Coasting and slip streaming
- by Anand Mohan
- Sep 10, 2014
- Views : 49861
Drag or wind resistance is the main cause of high fuel consumption. Learn how to save fuel by driving behind a larger vehicle and using your vehicle's inertia to move ahead without using fuel
There is one good way to improve fuel efficiency and one dangerous method – the first is coasting and the other is slip-streaming. Let’s take a look at coasting first.
When you aren’t accelerating and the kinetic energy developed already by the car is taking you forward, it’s called coasting. Coasting dissipates energy to counter drag and rolling resistance by dropping speed in the process. It can be used smartly instead of braking at times. When you can see a red light from a distance or slow moving traffic in front of you, and you know that you will have to brake to stop as you near it, ease off the accelerator and let the car come to a halt by shedding speed on its own.
What’s important is to stay in gear when you are coasting. When you slot the car in neutral, the engine RPMs reduce to idling speed and this is the most ideal setting to get best fuel economy out of your car but it also can put you in a dangerous position when you need to react by accelerating. It is best to coast in a high gear when the engine revolutions are low are high speeds.
Another method of coasting is coast and burn or the other way around. You accelerate to gain momentum and use the energy generated to coast till you lose a bit of speed. This is a common technique used by cabs in India to eke out fuel at the least possible rate.
Be an attentive driver by not just reacting to what the vehicles do in front but by anticipating what the vehicle will do. This requires concentration and getting into a rhythm. When you are not dissipating energy often and regenerating it again, your fuel efficiency is improving so start spotting openings in traffic before you come closer to the vehicle in front of you and carry your momentum into the gaps as you overtake.

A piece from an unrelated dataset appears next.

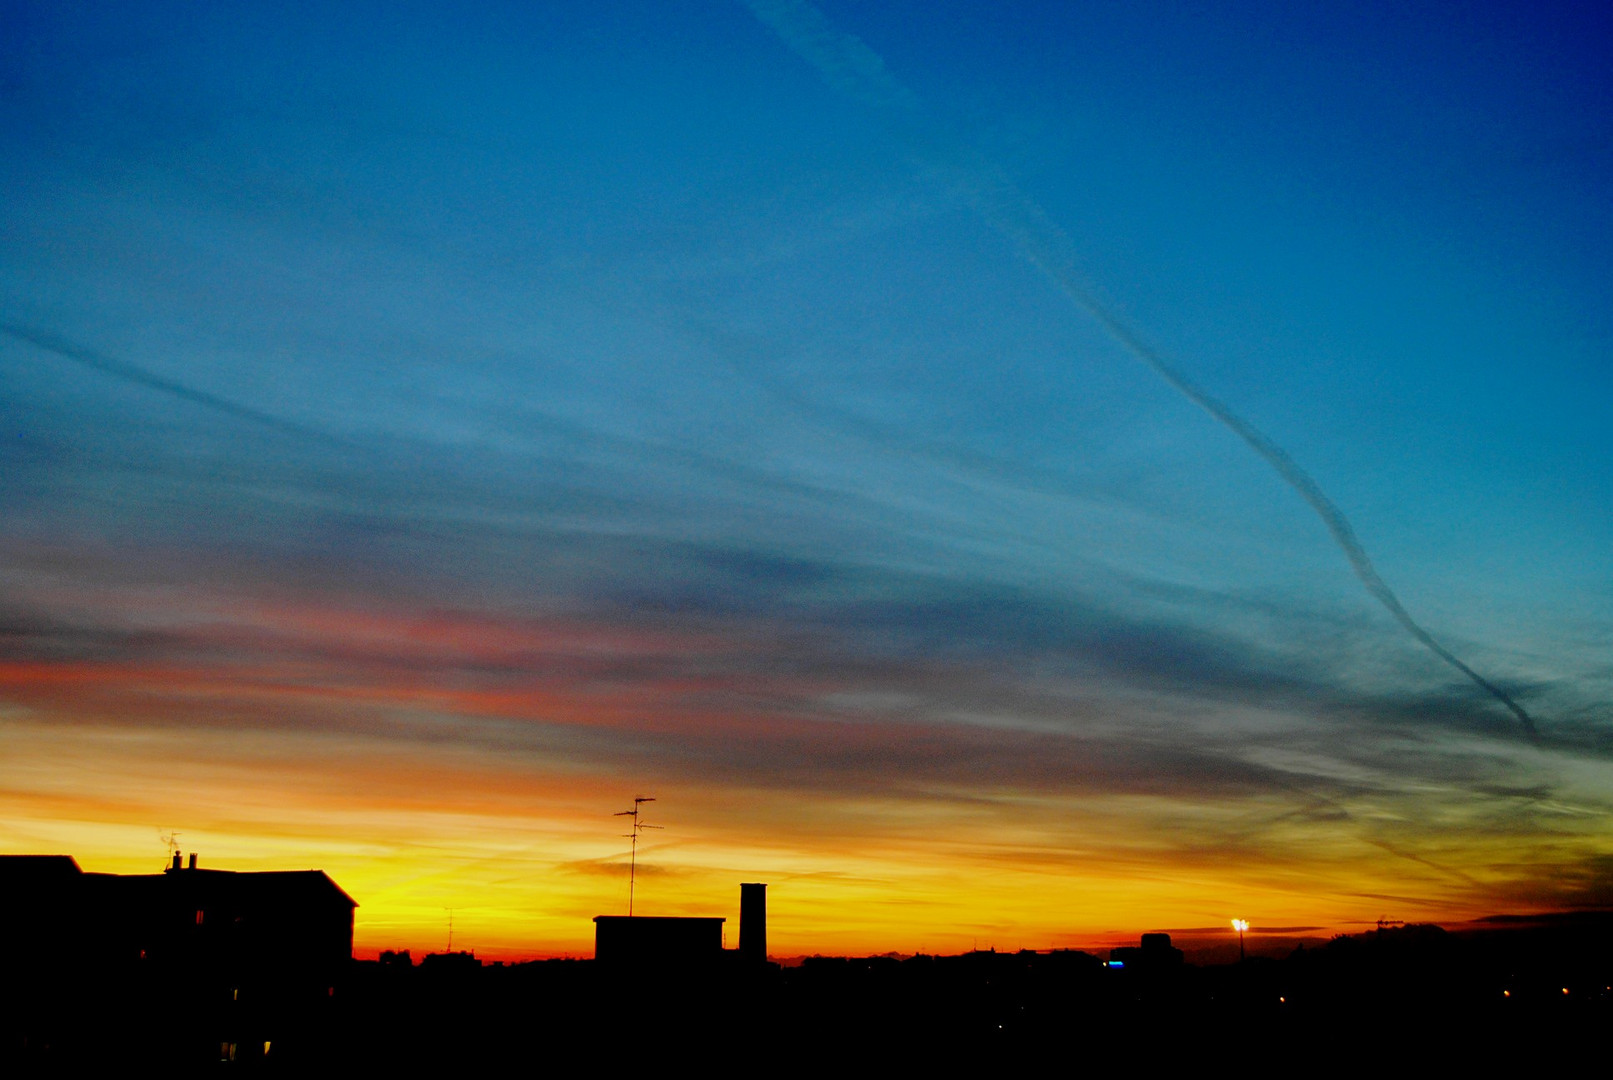 anche a Milano i tramonti sono belli

Slipstreaming is driving behind a vehicle that is as large as or larger than yours. What the vehicle in front of you does is creates an air pocket behind itself. When you are close enough, you are passing through less resistant air and so consuming lesser fuel. The closer you stick to the vehicle in front of you, more the efficiency. First and foremost, this isn’t a method we recommend. Slipstreaming can get dangerous if you react late to the moments of the vehicle in front of you. If you are really committed to it, then spot a large tractor trailer or bus that creates a large enough wind tunnel behind it. In such a case, you can keep your braking distance intact and enjoy the benefits of slipstreaming.